Introduction

2019-nCoV (SARS-CoV-2) was first reported in Wuhan, China, on 31 December 2019, following a series of unexplained pneumonia cases1. Currently, the disease is rated as a global pandemic by The World Health Organization with case reports from all continents, as of 4 October 2020 the disease has infected more than 34 million people and has claimed more 1 million lives globally2. Vaccine development is of high priority, and a number of public and private initiatives are focused on this task3. Many of the ongoing vaccine development efforts are focused on raising an immune response against the spike protein. However, the spike protein only makes up 1/8 of the SARS-CoV-2 genome, so this vaccine strategy may inadvertently miss a lot of potential immune reactivity. SARS-CoV-2 has a large proteome4. Immune deconvolution to identify T cell epitopes will require initial filtering to assess which SARS-CoV-2-derived peptides are likely to bind a given HLA allele and to be presented on the surface of infected cells from where it can activate passing T cells. The core binding groove of most MHC class I molecules can accommodate 9 amino acid residues, with some variation or suspected impact of flanking positions5,6. MHC class II has been described to bind longer peptides (up to 13–25 residues long) interacting with the open binding groove7. Providing the possibility for further inspection of the importance of the binding motif and its flanking regions.

Several computational tools (a selection is presented in Table 1) have been developed that can predict the binding of peptides to HLA. Traditionally, these tools were trained using data from affinity assays8, but more recently many of them also incorporate data from peptides identified by HLA ligandome analysis. Most tools rely on small neural networks (NN) or variations of position-specific weight matrices (PSSM), to calculate the probability of a peptide matching a consensus motif or model.

Table 1 Current best-performing or novel HLA prediction tools10.

NetMHC tools (such as NetMHC, NetMHCII, NetMHCpan, NetMHCIIpan and others) have been under constant development and have consistently performed well throughout the last decade9,10,11,12. Several tools are restricted in terms of which alleles are available for prediction, in particular for MHC class II. This restriction is primarily determined by the availability of training data, for which the largest public collection is currently the Immune Epitope Database (IEDB)13. Attempts to overcome this limitation have been made via sequence-to-sequence predictions, most notably for NetMHCpan14. A number of recent publications makes use of prediction tools to suggest vaccine candidate epitopes for SARS-CoV-215,16,17.

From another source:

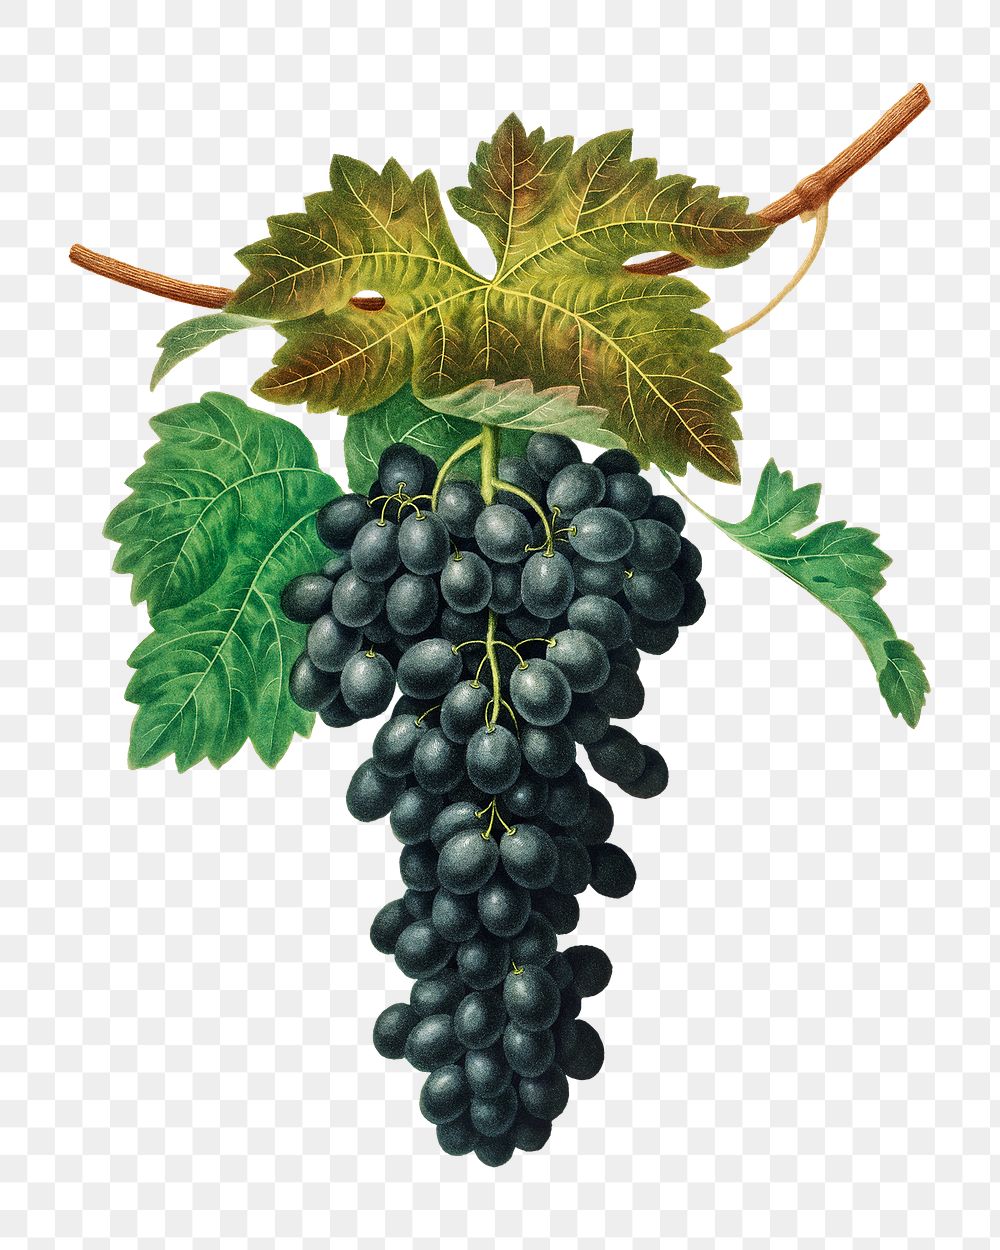 Black Prince Grape illustration transparent png
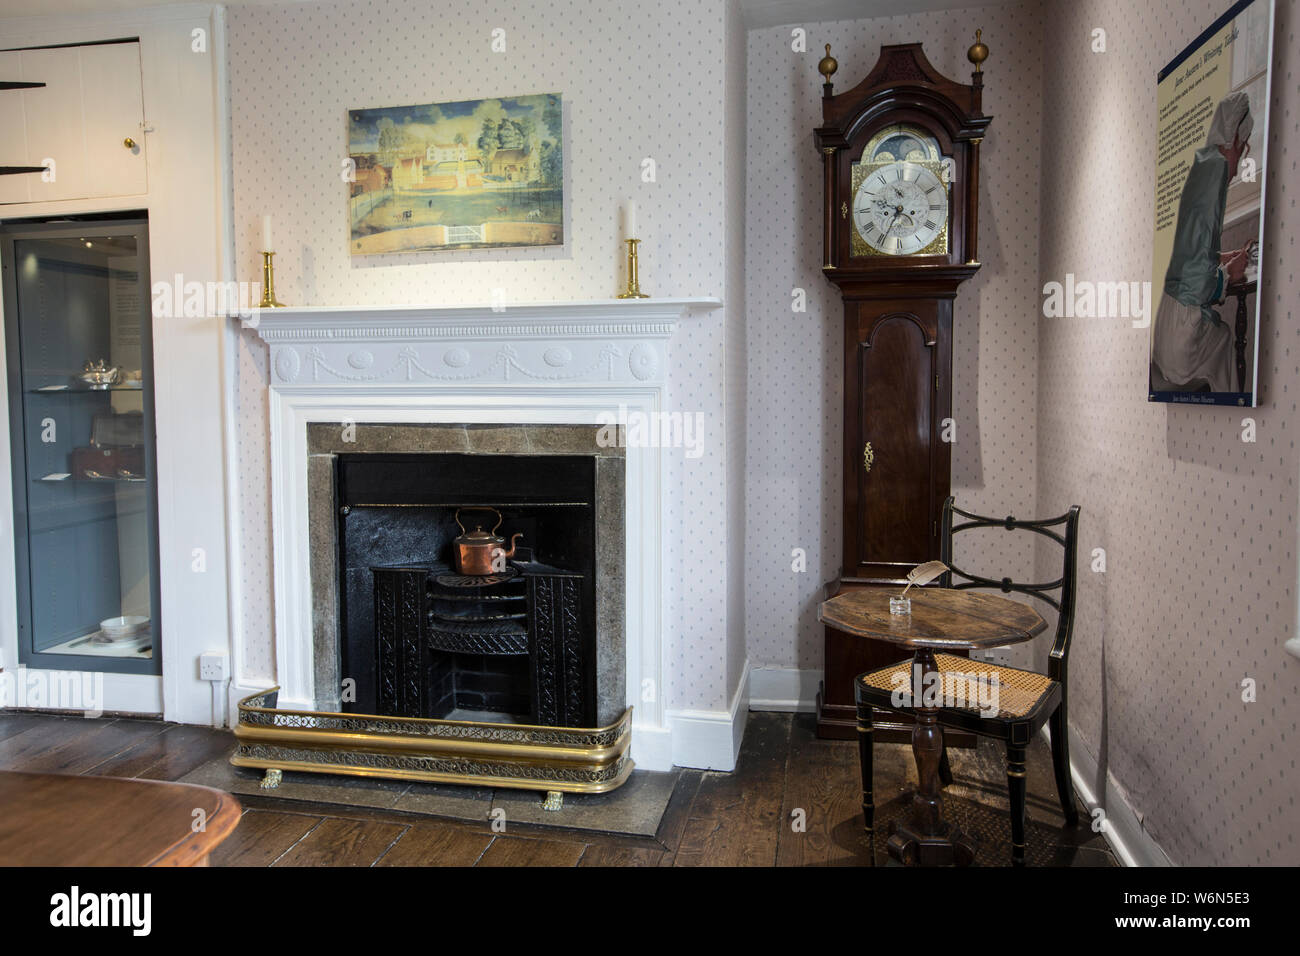 Jane Austen's ancien brique rouge accueil sur la succession, Chawton Hampshire, England, UK, elle s'y installe en 1809 pour les huit dernières années de sa vie. Banque D'Images

To assess whether current peptide-HLA prediction tools could be suitable for identification of epitopes relevant in a vaccine against SARS-CoV-2, we tested binders predicted by the netMHC tools, using a new peptide-MHC complex-stability assay NeoScreen on ten HLA class I alleles and one HLA class II allele. The selection of class I alleles broadly covers populations across different ethnic origins (Table S1). Subsequently, we chose all tools included in the benchmark recently reviewed by Mei et al.10, excluding the three tools with the lowest performance (MHCnuggets, HLA-CNN and RANKPEP), as well as SYFPEITHI which could not be brought to run on our system. Furthermore, we added newly developed tools such as HLAthena and DeepHLAPan and a standard tool SMM 1.0 to offer a comprehensive representation of the current prediction tool landscape (Table 1). Most of the selected tools are periodically tested in the IEDB Automated Benchmark35,36.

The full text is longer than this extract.